EDIT: My initial intent was to create a single repo per image, but it seems we can also create a repo per API at the detriment of script/naming complexity.

The script just needs to know to what repo each image belongs, also easily passed on the command line

I don't want to have different repository naming standards for the files in this github repo. Either everything stays on KhronosGroup/docker-images:<name>[.<version>], or we move everything to KhronosGroup/<name>:{latest,<version>}.

(personally, I've largely switched to writing Python scripts for this sort of infrastructure just because argument parsing and simple data structures and logic are so much easier to read/write than bash, but whatever works).

Fine by me, feel free to convert them :)

rpavlik commented 2 years ago

so typical convention is at least to have only one dockerfile per directory to avoid polluting the "context". the "repo part" of the docker image name isn't necessarily corresponding to a single git repo, but usually it does correspond to a single logical image with potentially different versions.
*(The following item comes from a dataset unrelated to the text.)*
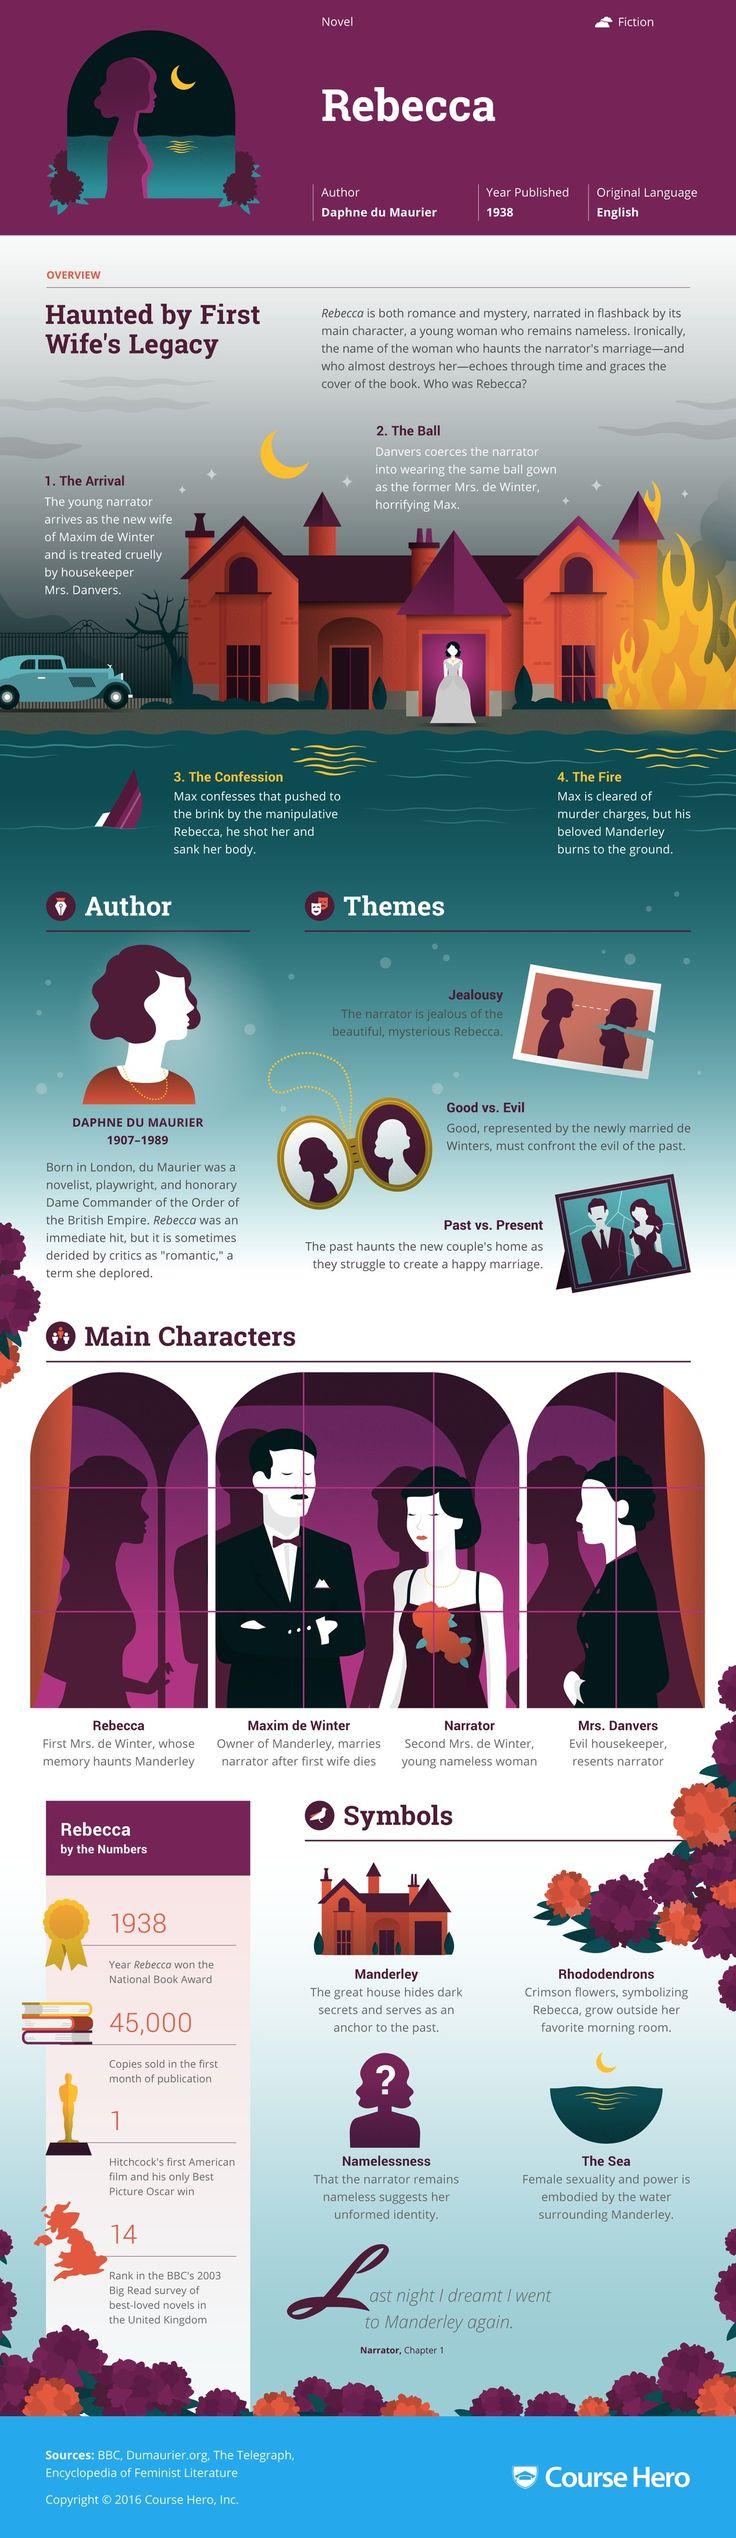 Rebecca Infographic | Course Hero
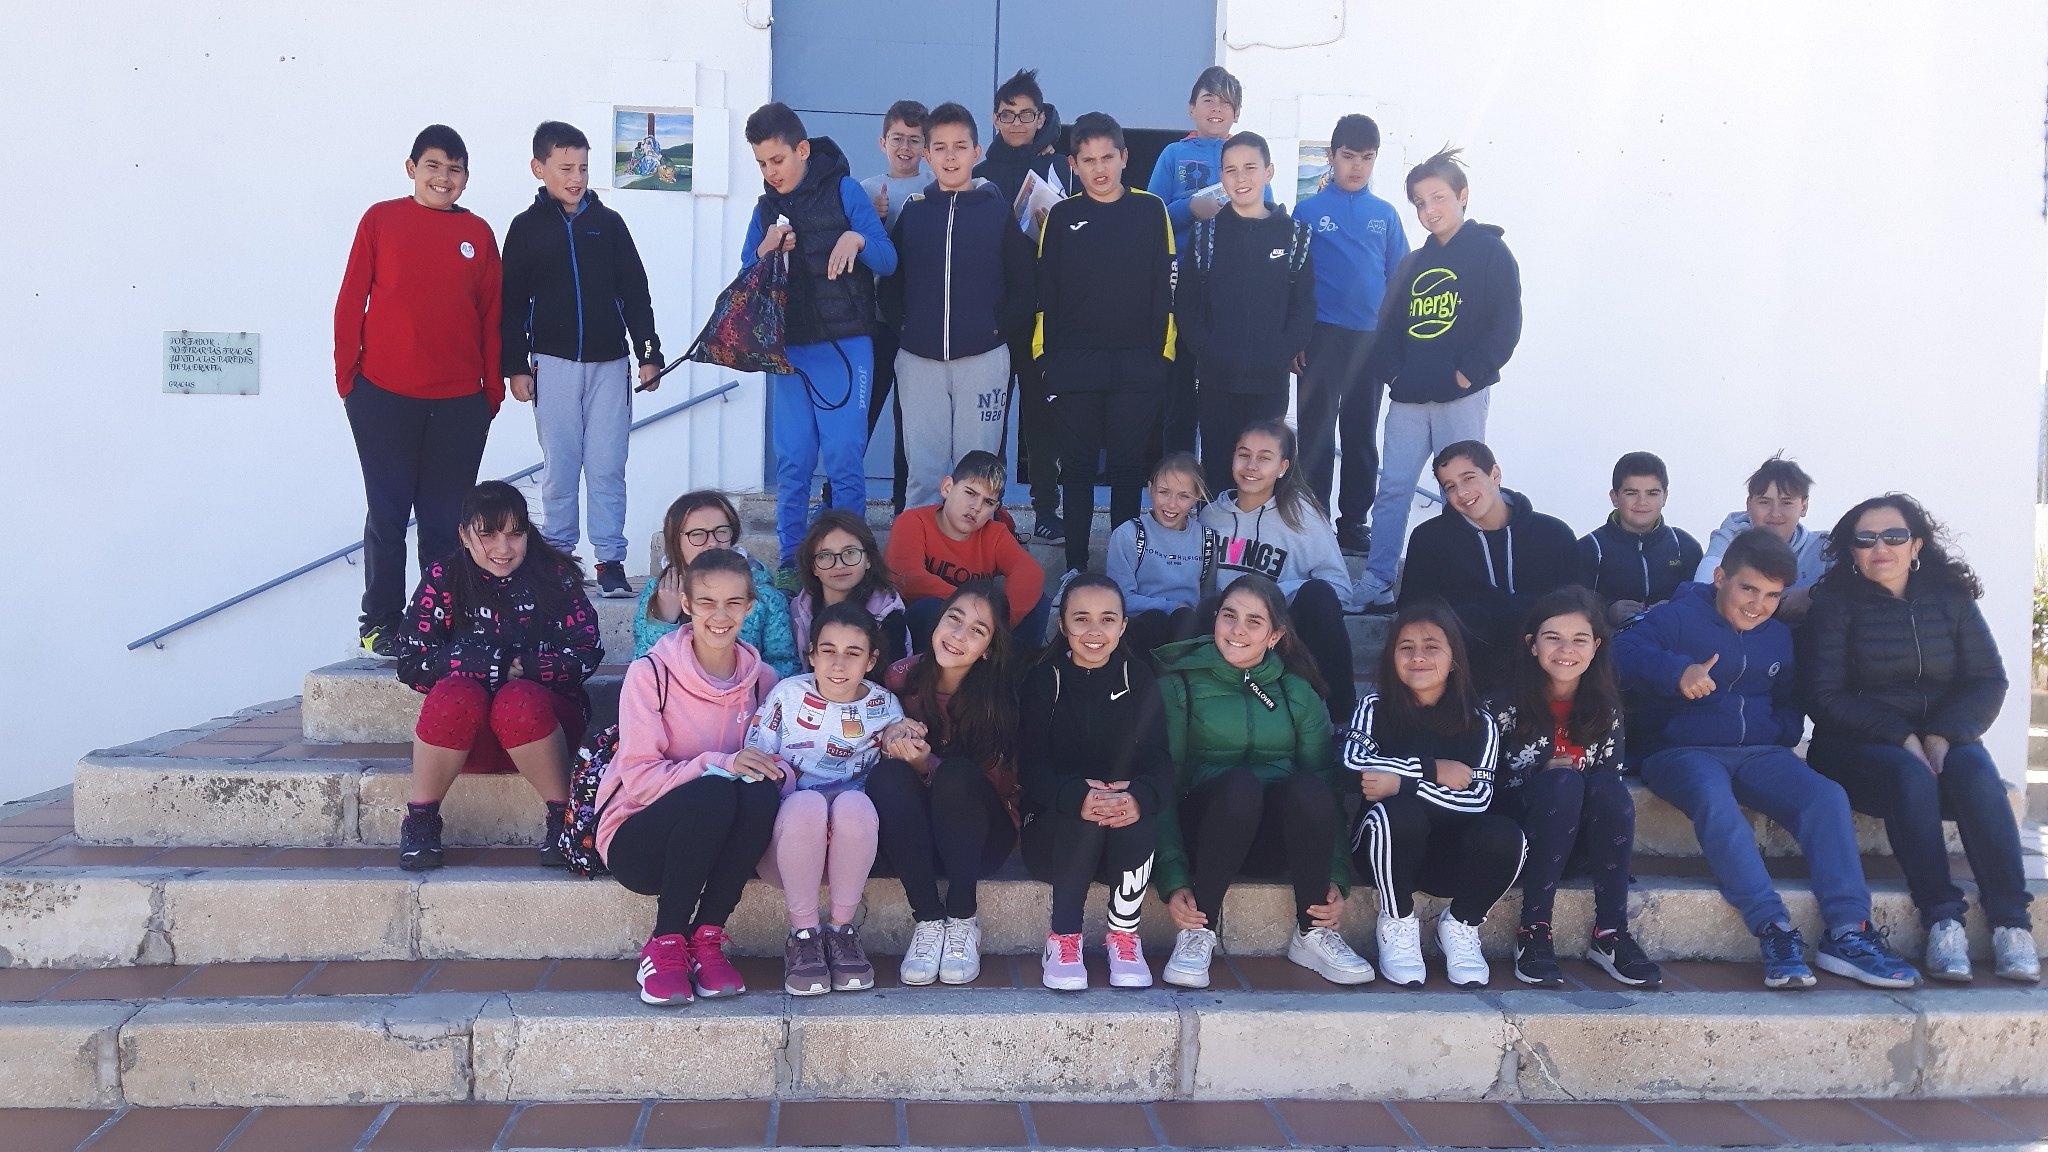 (2019-04-11) Visita ermita alumnos Pilar - 6 primaria -  9 de Octubre - María Isabel Berenguer (04)

I have absolutely no preference for how to set it up, though. As I mentioned, as long as there's something I can change in the name:tag combo to trigger a fetch on the runners, it's good enough for me and the openxr use case.

MarijnS95 commented 2 years ago

the "repo part" of the docker image name isn't necessarily corresponding to a single git repo, but usually it does correspond to a single logical image with potentially different versions.

Yeah, that's a clearer way to describe it.